LWVUS joined coalition members in urging Congress to allocate $1 billion to continue the Low Income Household Water Assistance Program (LIHWAP) program to help families with growing water debt and rising water costs.
April 4, 2023
House Appropriations Committee Chairwoman Granger
House Appropriations Committee Ranking Member/ Labor, Health & Human Services, Education Subcommittee Ranking member DeLauro
Labor, Health & Human Services, Education Subcommittee Chair Aderholt
Senate Appropriations Committee Chair Murray
Senate Appropriations Committee Vice Chair Collins
Labor, Health & Human Services, Education Subcommittee Chair Baldwin
Labor, Health & Human Services, Education Subcommittee Ranking Member Capito
The undersigned organizations and municipalities urge Congress to allocate $1 billion to continue the existing separate and independent Low Income Household Water Assistance Program (LIHWAP) program to help families with growing water debt and rising water costs.
In 2021, Congress created funding streams that work in concert to support water affordability from both a household and utility perspective. To lower the cost of capital improvements, the Bipartisan Infrastructure Law provided an increase in low-interest and grant funding streams directed at disadvantaged communities through the State Revolving Funds program. To support household affordability, Congress created LIHWAP and provided $1.14 billion for customer assistance. To date, over 400,000 households have benefitted from LIHWAP, and many more will benefit as states continue to roll out the program until the end of 2023. Households have been reconnected to water service, disconnections have been prevented, and water burdens have been reduced, all as a result of the LIHWAP program.
Across the United States, drinking water costs are rising. Over the last two decades, the rising cost of water has surpassed Consumer Price Index (CPI) growth meaning that household water burden has also increased. Without the LIHWAP program, many low-income households are, and could become, at risk of losing their access to water through water shutoffs because they cannot afford to pay their water bills. These families could even lose their homes through liens and foreclosures based on the bills they cannot afford to pay. The LIHWAP program is essential to keeping households connected to water.

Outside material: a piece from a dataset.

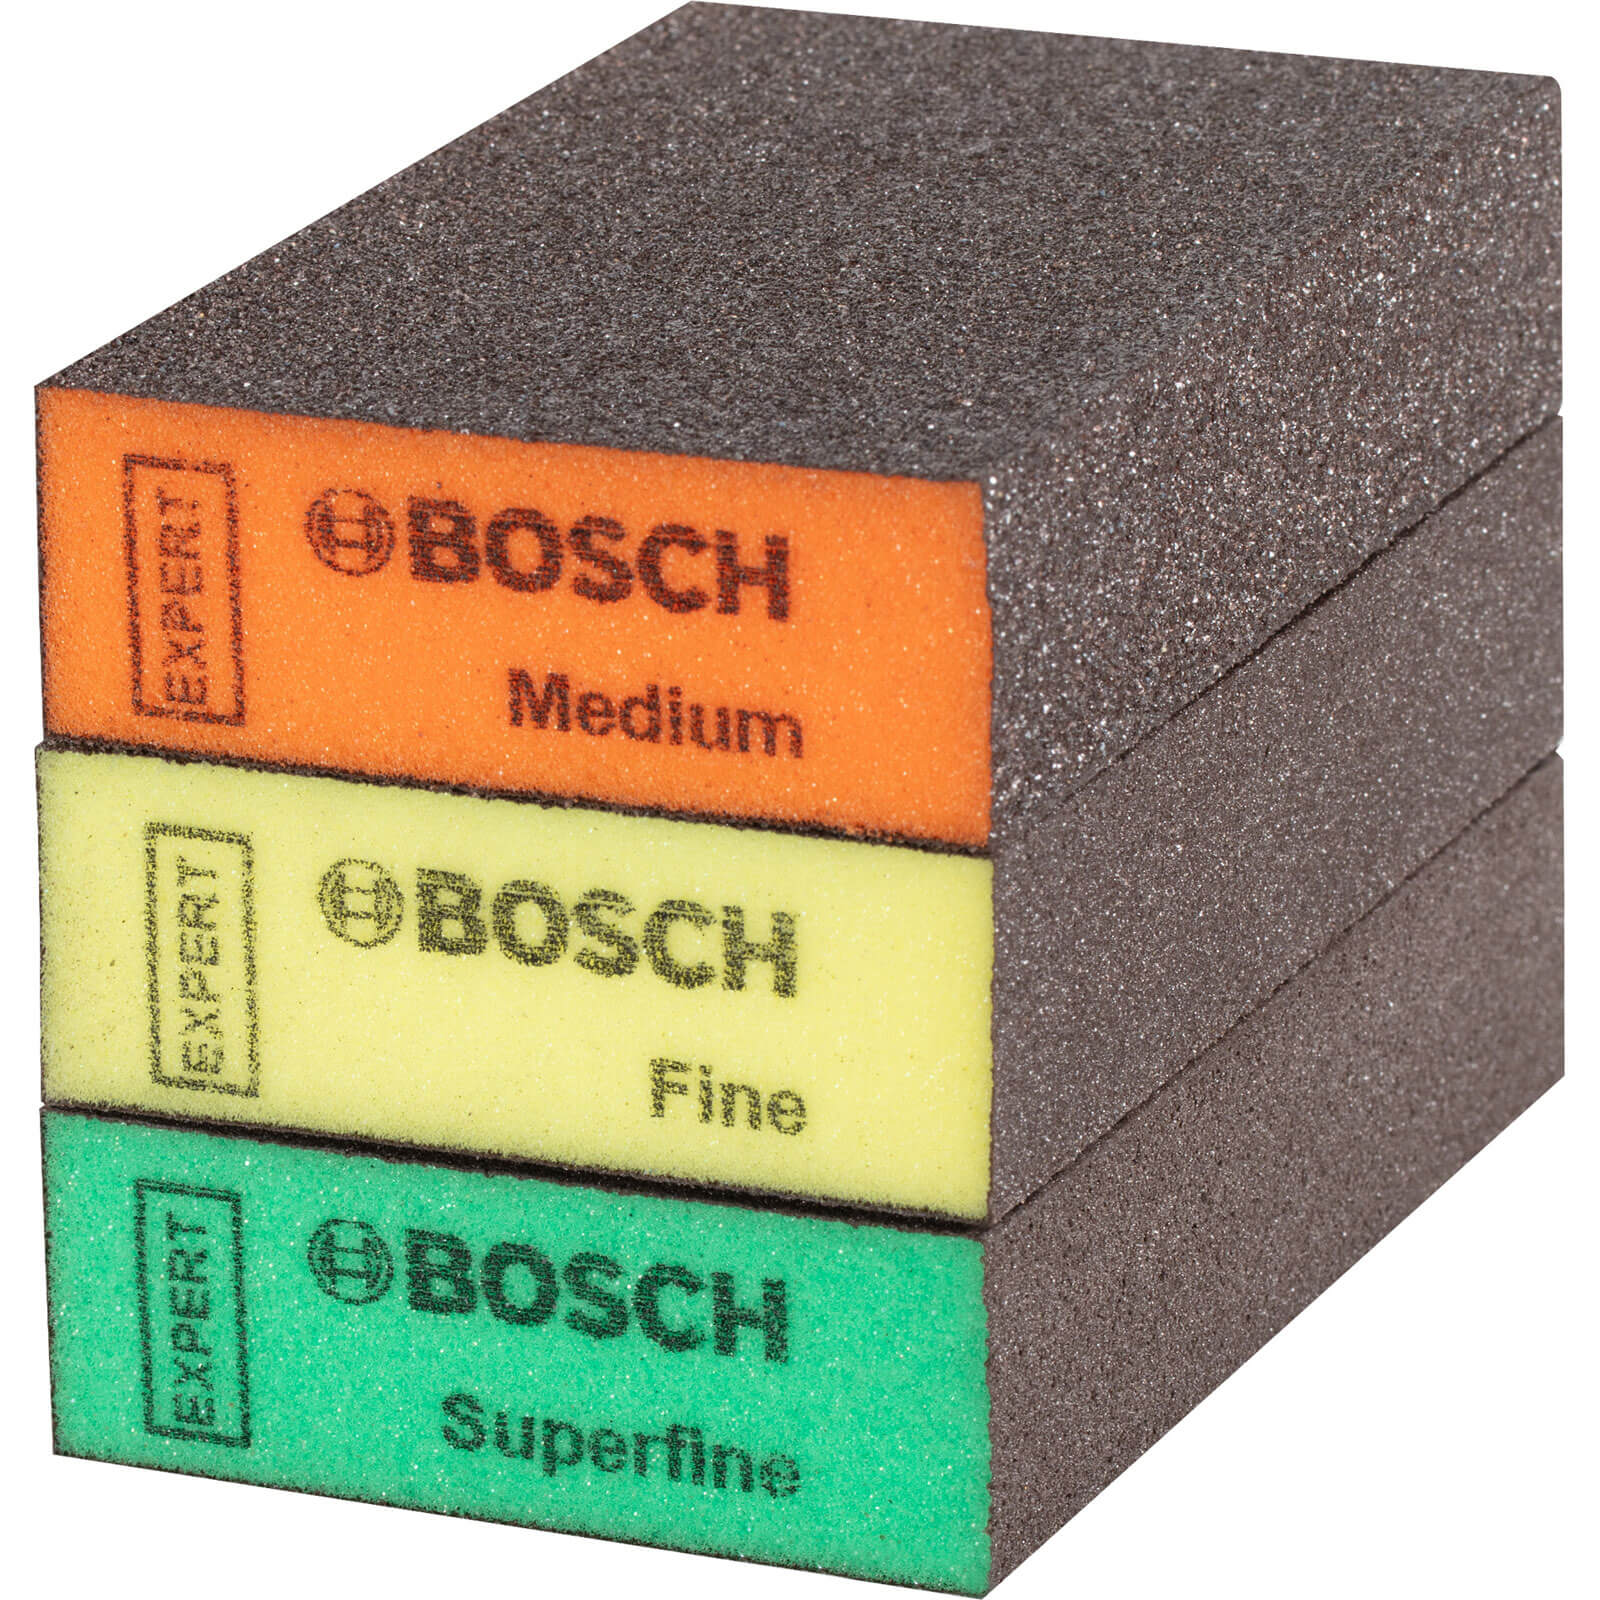 Image of Bosch Expert 3 Piece S471 Sanding Block Set

Utilities also benefit from the LIHWAP program. Water infrastructure across the country is in dire need of upgrades. While capital improvements are necessary and often reduce costs for customers in the long-term (e.g. through reducing water loss), in the short-term these improvements require rate increases. As water rates increase and demand more and more of a household’s income, low-income households are forced to decide between water or other essential services and goods. Households’ inability to pay can mean a gap in revenue for utilities, and requires them to spend money trying to collect and punish unpaid bills. With ratepayers as the primary and often sole source of income for revenue, some utilities cannot shoulder the expenses of capital improvements. Furthermore, in response to decreased revenue streams, utility rate structures have also shifted to rely more heavily on fixed rate-structures, further disproportionately burdening the lowest-use and often lowest-income households.
Without Congressional action, LIHWAP will expire at the end of FY23. The President’s FY24 budget proposal wrongly proposes the combination of the LIHWAP and Low-Income Household Energy Affordability Program (LIHEAP) and provides a combined budget of $4.1 billion, an increase of only $111 million over the FY23 enacted funding level for LIHEAP alone. First, LIHWAP is currently and should remain a separate and independent program focused on guaranteeing water access and water affordability. Second, an $111 million increase, less than $2 million per state, is an insufficient allotment of funding to address the water needs of households. It amounts to only a tenth of the amount that was originally allocated to the program. $1 billion should be invested in our low-income households and our utilities for FY 24 and FY 25.
We urge Congress to 1) maintain separation between LIHWAP and LIHEAP and 2) provide an allocation of $1 billion to LIHWAP to be spent in FY24 and FY25. Access to water is a public health issue and we ask that you maintain support for this new but critical program.